At a given point on a smooth space curve \(\mathbf{r}(t)\), there are many vectors that are orthogonal to the unit tangent vector \(\mathbf{T}(t)\). We single out one by observing that, because \(|\mathbf{T}(t)|=1\) for all \(t\), we have \(\mathbf{T}(t) \cdot \mathbf{T}'(t) = 0\) by Example 13.2.4, so \(\mathbf{T}'(t)\) is orthogonal to \(\mathbf{T}(t)\). Note that, typically, \(\mathbf{T}'(t)\) is itself not a unit vector. But at any point where \(\kappa \neq 0\) we can define the principal unit normal vector \(\mathbf{N}(t)\) (or simply unit normal) as \[ \mathbf{N}(t) = \frac{\mathbf{T}'(t)}{|\mathbf{T}'(t)|} \] We can think of the unit normal vector as indicating the direction in which the curve is turning at each point. The vector \(\mathbf{B}(t) = \mathbf{T}(t) \times \mathbf{N}(t)\) is called the binormal vector. It is perpendicular to both \(\mathbf{T}\) and \(\mathbf{N}\) and is also a unit vector. (See Figure 6.)

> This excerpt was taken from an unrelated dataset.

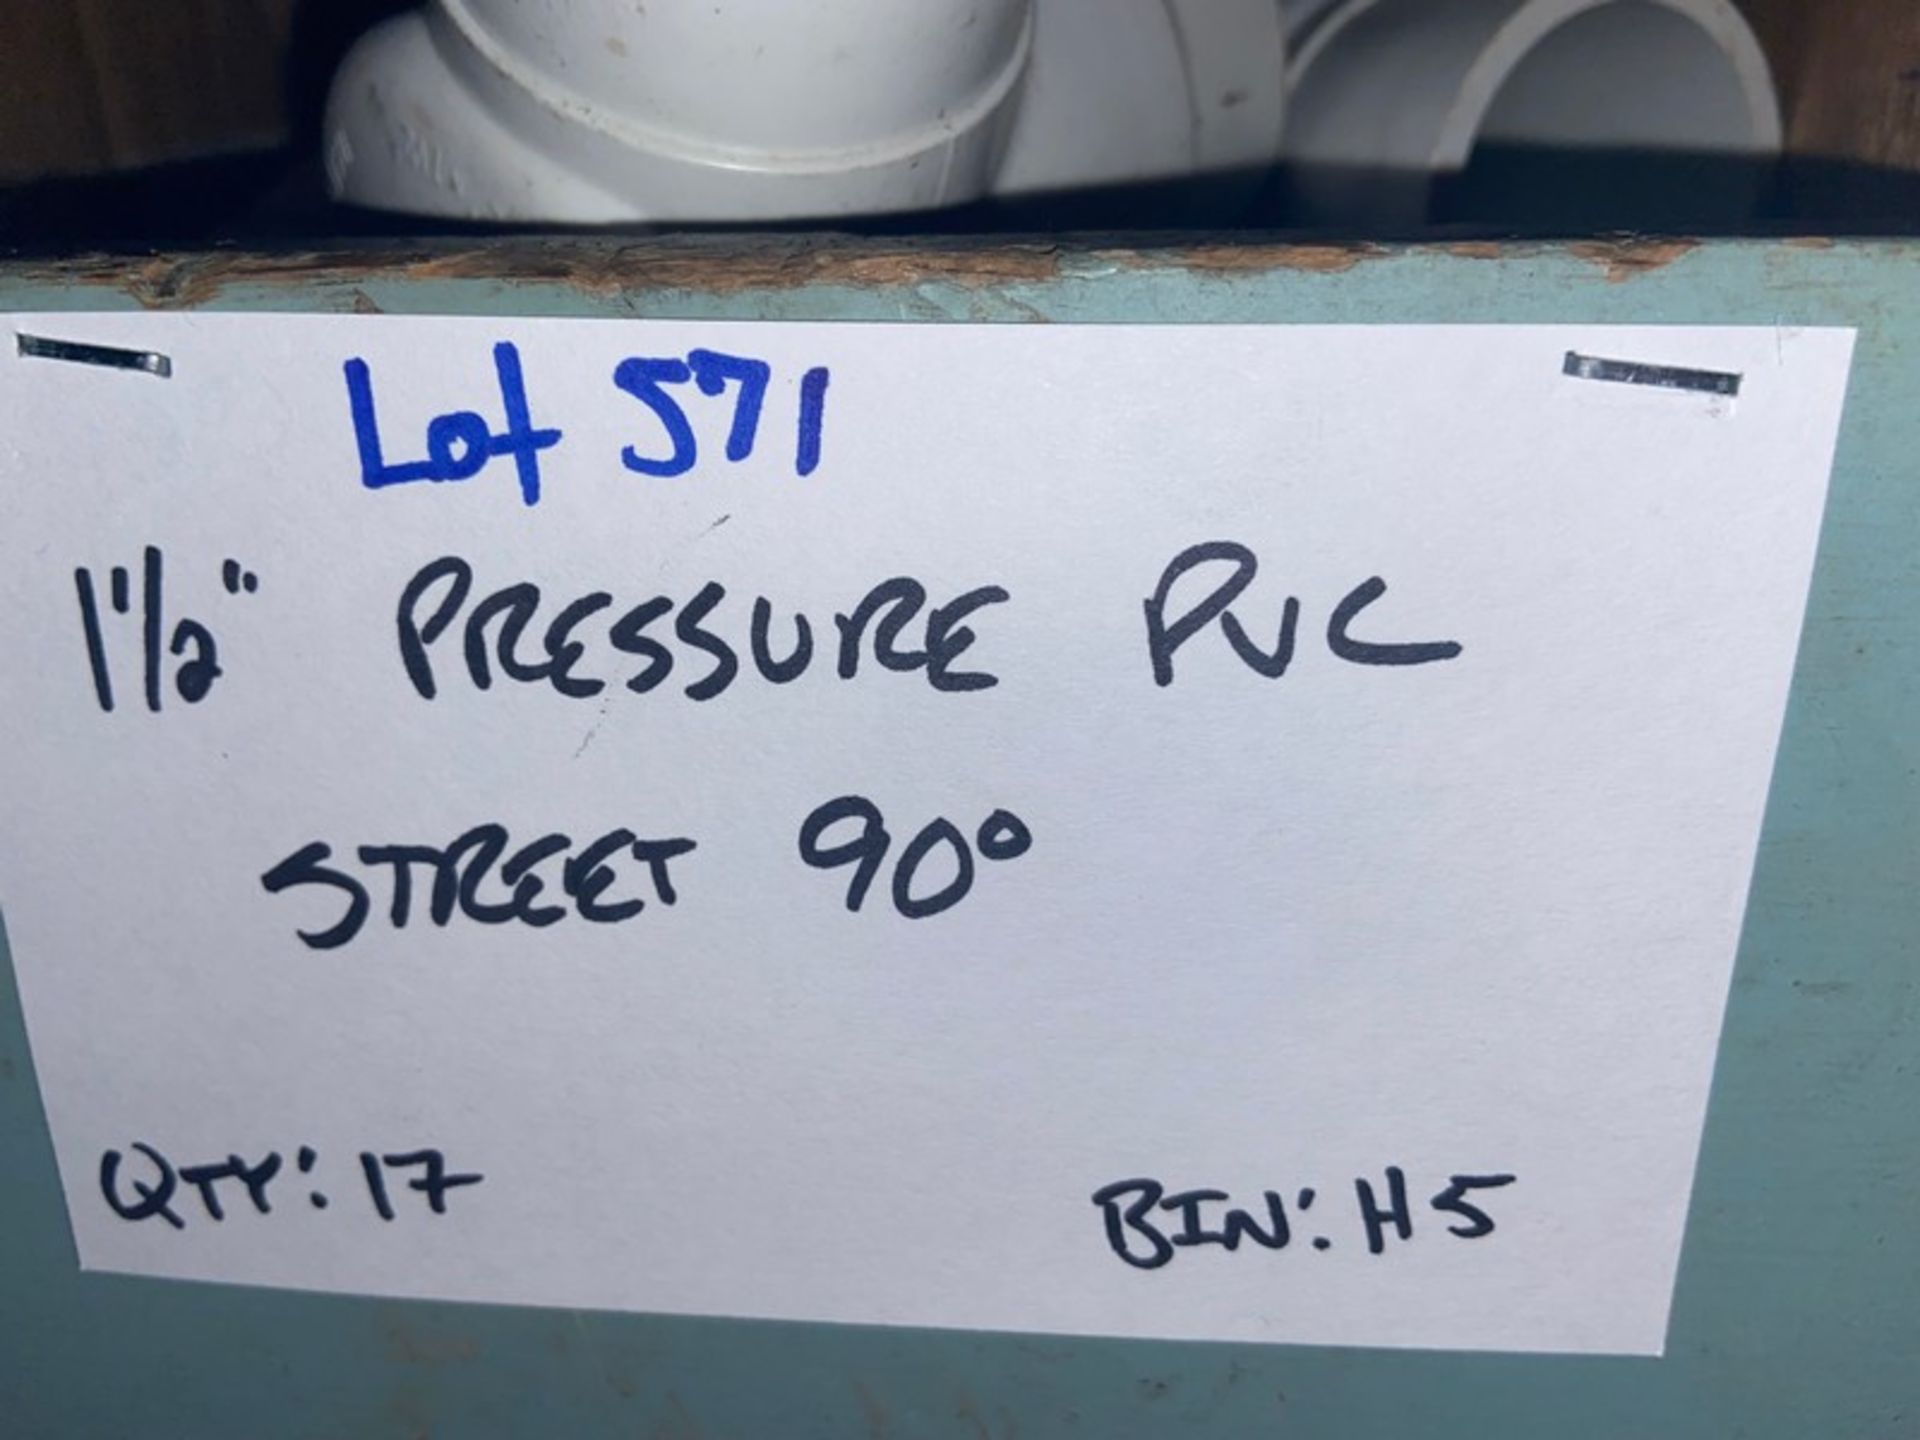 (17) 1-1/2" Pressure PVC Street 90' (Bin: H5); (29) 1-1/2" Pressure PVC 90' (Bin: H5) (LOCATED IN - Image 4 of 9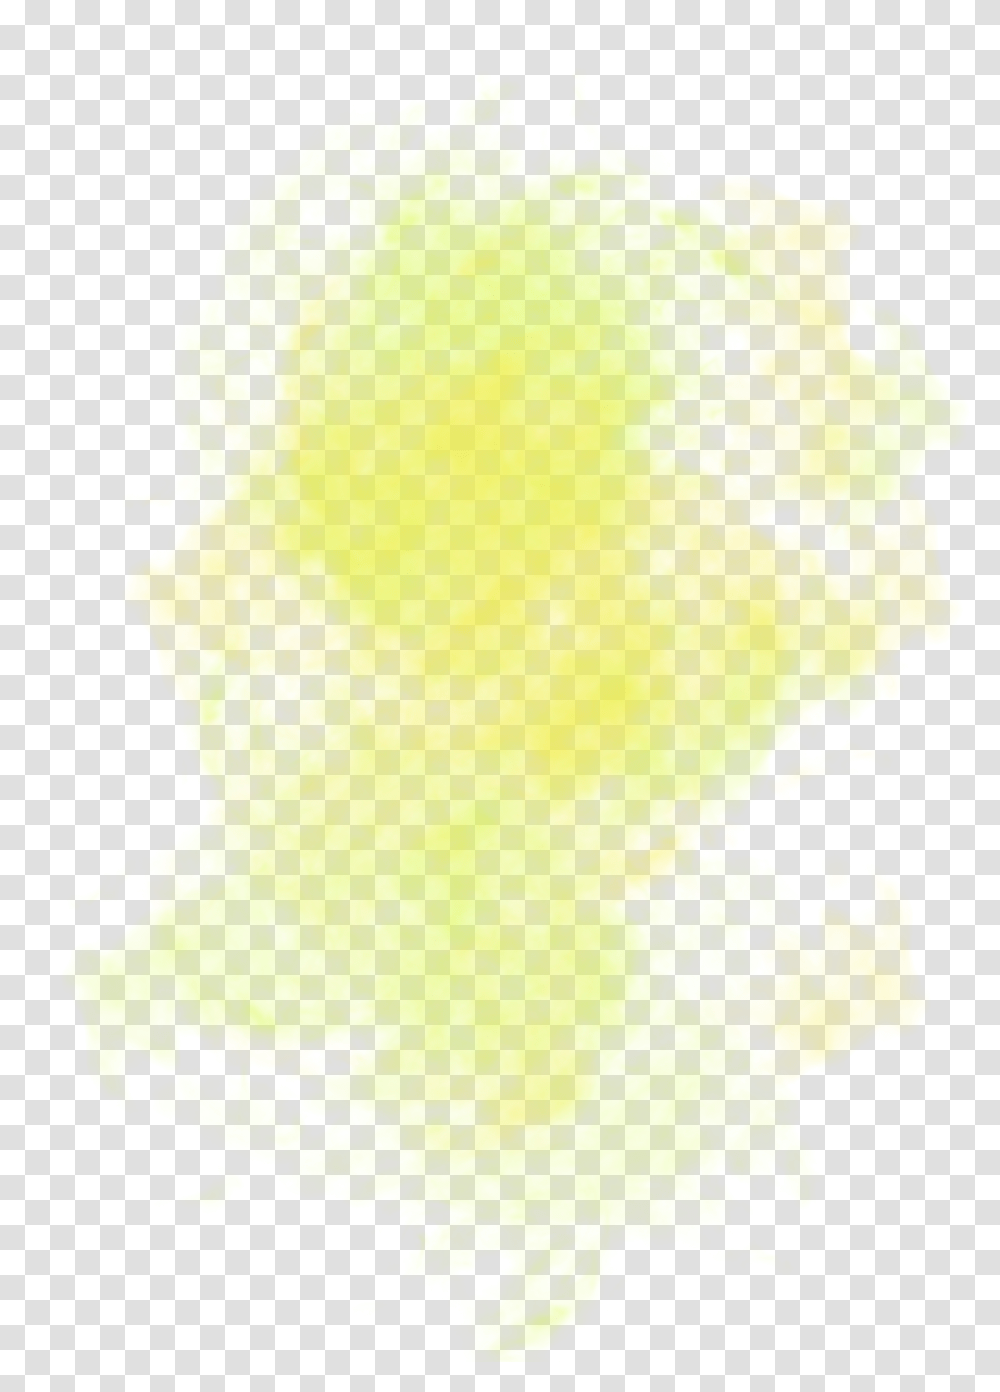 Light Yellow Euclidean Fog Yellow Fog, Silhouette, Fire Transparent Png

EXAMPLE 6 Find the unit normal and binormal vectors for the circular helix \[ \mathbf{r}(t) = \cos t \mathbf{i} + \sin t \mathbf{j} + t \mathbf{k} \]

Normal Plane & Osculating Plane

The plane determined by the normal and binormal vectors \(\mathbf{N}\) and \(\mathbf{B}\) at a point P on a curve C is called the normal plane of C at P. It consists of all lines that are orthogonal to the tangent vector \(\mathbf{T}\). The plane determined by the vectors \(\mathbf{T}\) and \(\mathbf{N}\) is called the osculating plane of C at P. The name comes from the Latin osculum, meaning “kiss.” It is the plane that comes closest to containing the part of the curve near P. (For a plane curve, the osculating plane is simply the plane that contains the curve.)

The circle that lies in the osculating plane of C at P, has the same tangent as C at P, lies on the concave side of C (toward which \(\mathbf{N}\) points), and has radius \(\rho = 1/\kappa\) (the reciprocal of the curvature) is called the osculating circle (or the circle of curvature) of C at P. It is the circle that best describes how C behaves near P; it shares the same tangent, normal, and curvature at P.

EXAMPLE 7 Find equations of the normal plane and osculating plane of the helix in Example 6 at the point \(P(0, 1, \pi/2)\).

EXAMPLE 8 Find and graph the osculating circle of the parabola \(y=x^2\) at the origin.